Social networks make excellent platforms for sharing thoughts, ideas, and opinions with others. Whether you're into politics, celebrity gossip or funny cat pictures, social networks can offer everything you'd like and more. Including pro-state propaganda, it seems.

Russia's Foreign Intelligence Service, the SVR, has recently dumped $1,000,000 into a three-tiered program for the future of the internet. All three tiers of the project have different intentions, including finding how things are picked up online.

One thing immediately apparent is that the naming seems to be ripped right out of a Cold War thriller: Monitor-3, Dispute, and Storm-13 are the three tiers. Of the million being used by the SVR, $700,000 of it is going into Storm-13 specifically. Storm-13 is an army of spambots meant to flood social networks with propaganda to 'influence public opinion'.

The actual social networks to be targeted aren't yet clear, if the story is anything more than rumor. It's likely enough that vKontakte would be targeted, being a large Russian social network. With Facebook and Twitter both being quick to handle spammers, pushing propaganda to them might not be on the agenda.

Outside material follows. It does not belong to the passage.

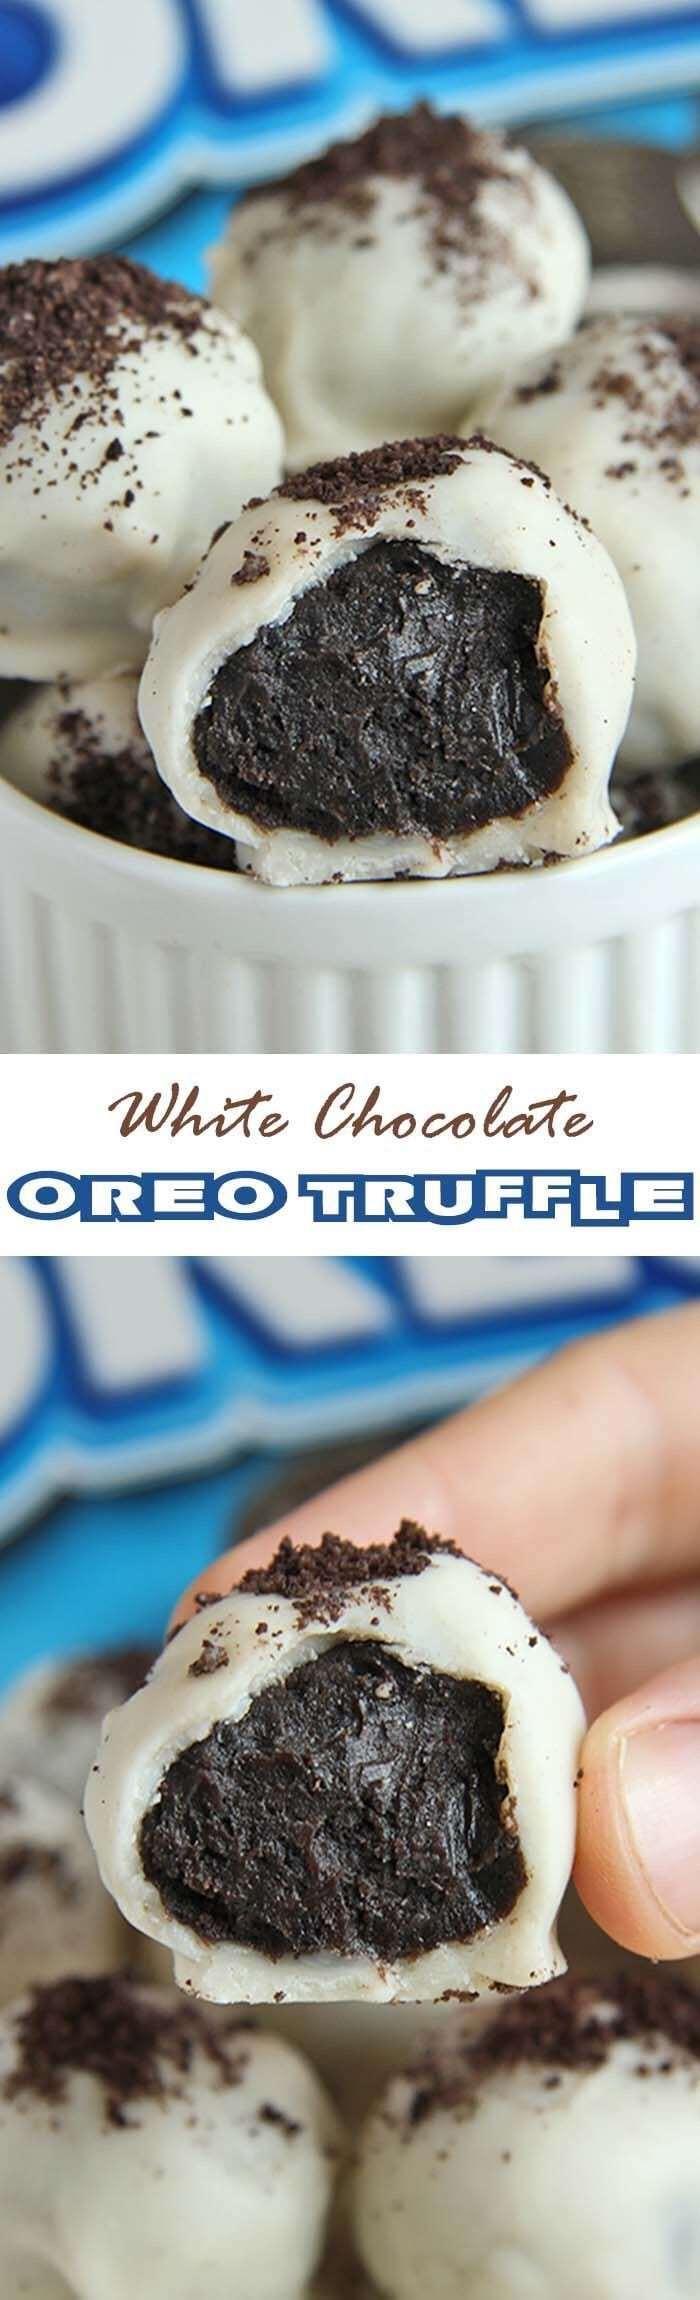 White Chocolate Oreo Truffle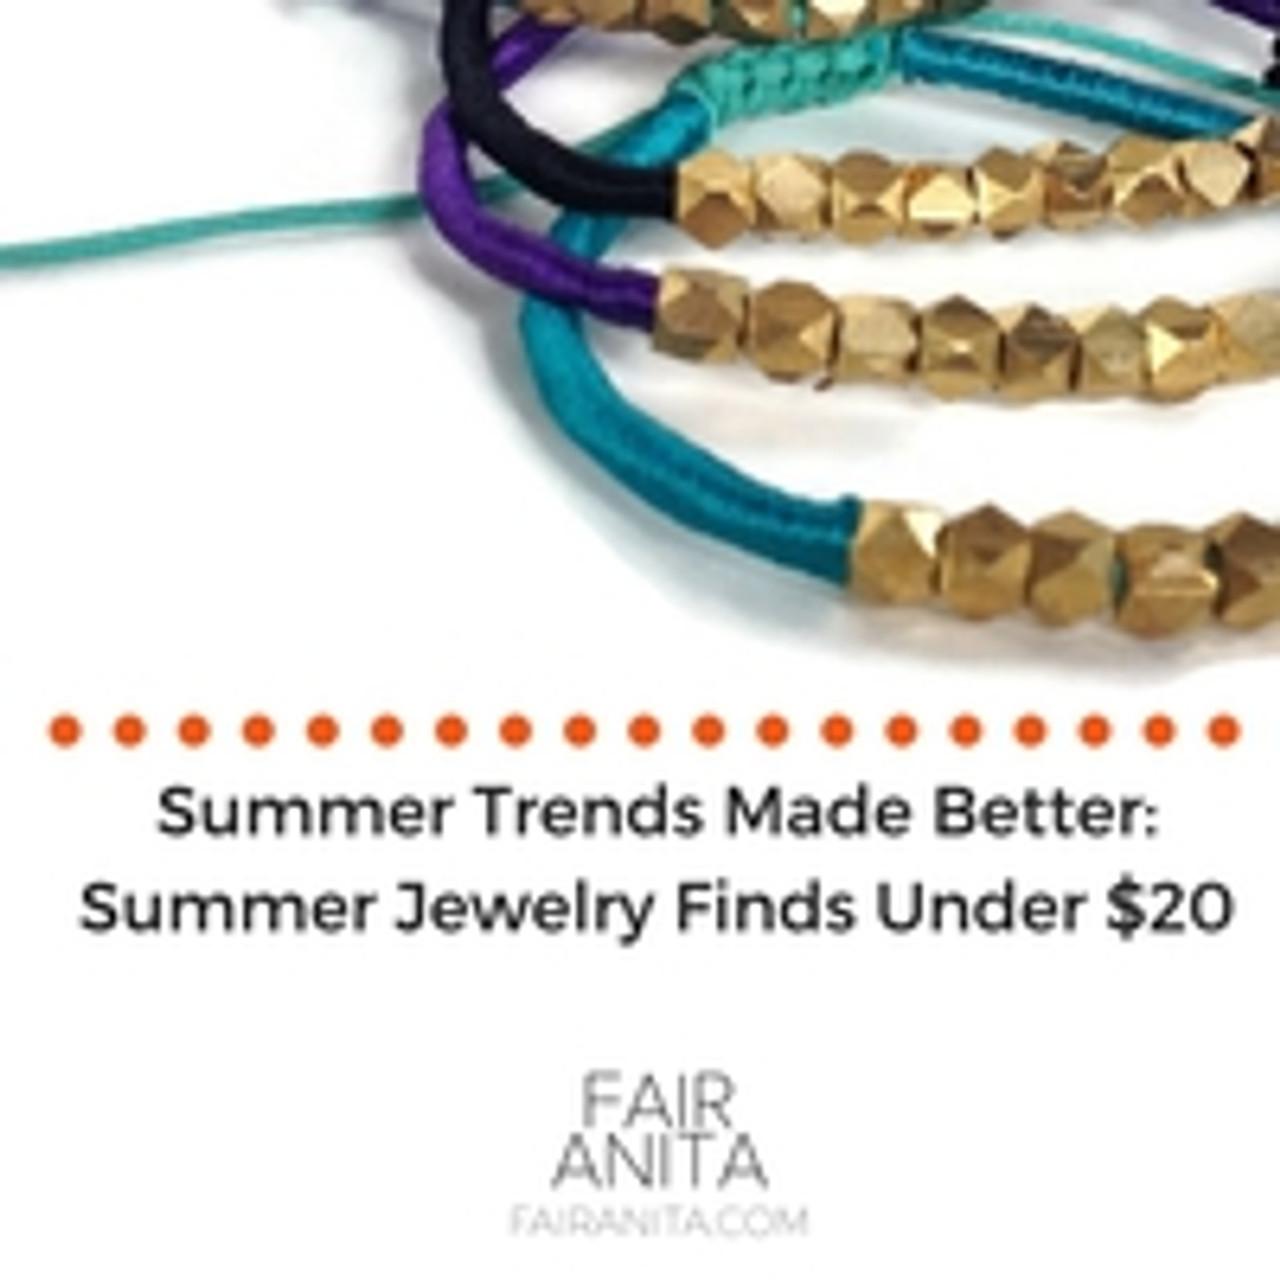 Summer Trends Made Better: Summer Jewelry Finds Under $20

Prominent Russian tech journalist Anton Nosik stated that anti-spam measures are going to be the biggest threat to the SVR's plans when interviewed by Kommersant. The newspaper is primarily focused upon politics and business, and the idea of flooding the net with paid spambot manages to intertwine the two concepts perfectly.

Russia is in quite an unusual position right now. International attention has been heaped upon the country due to its handling of the case against Pussy Riot, so further criticism is something they could understandably want to avoid.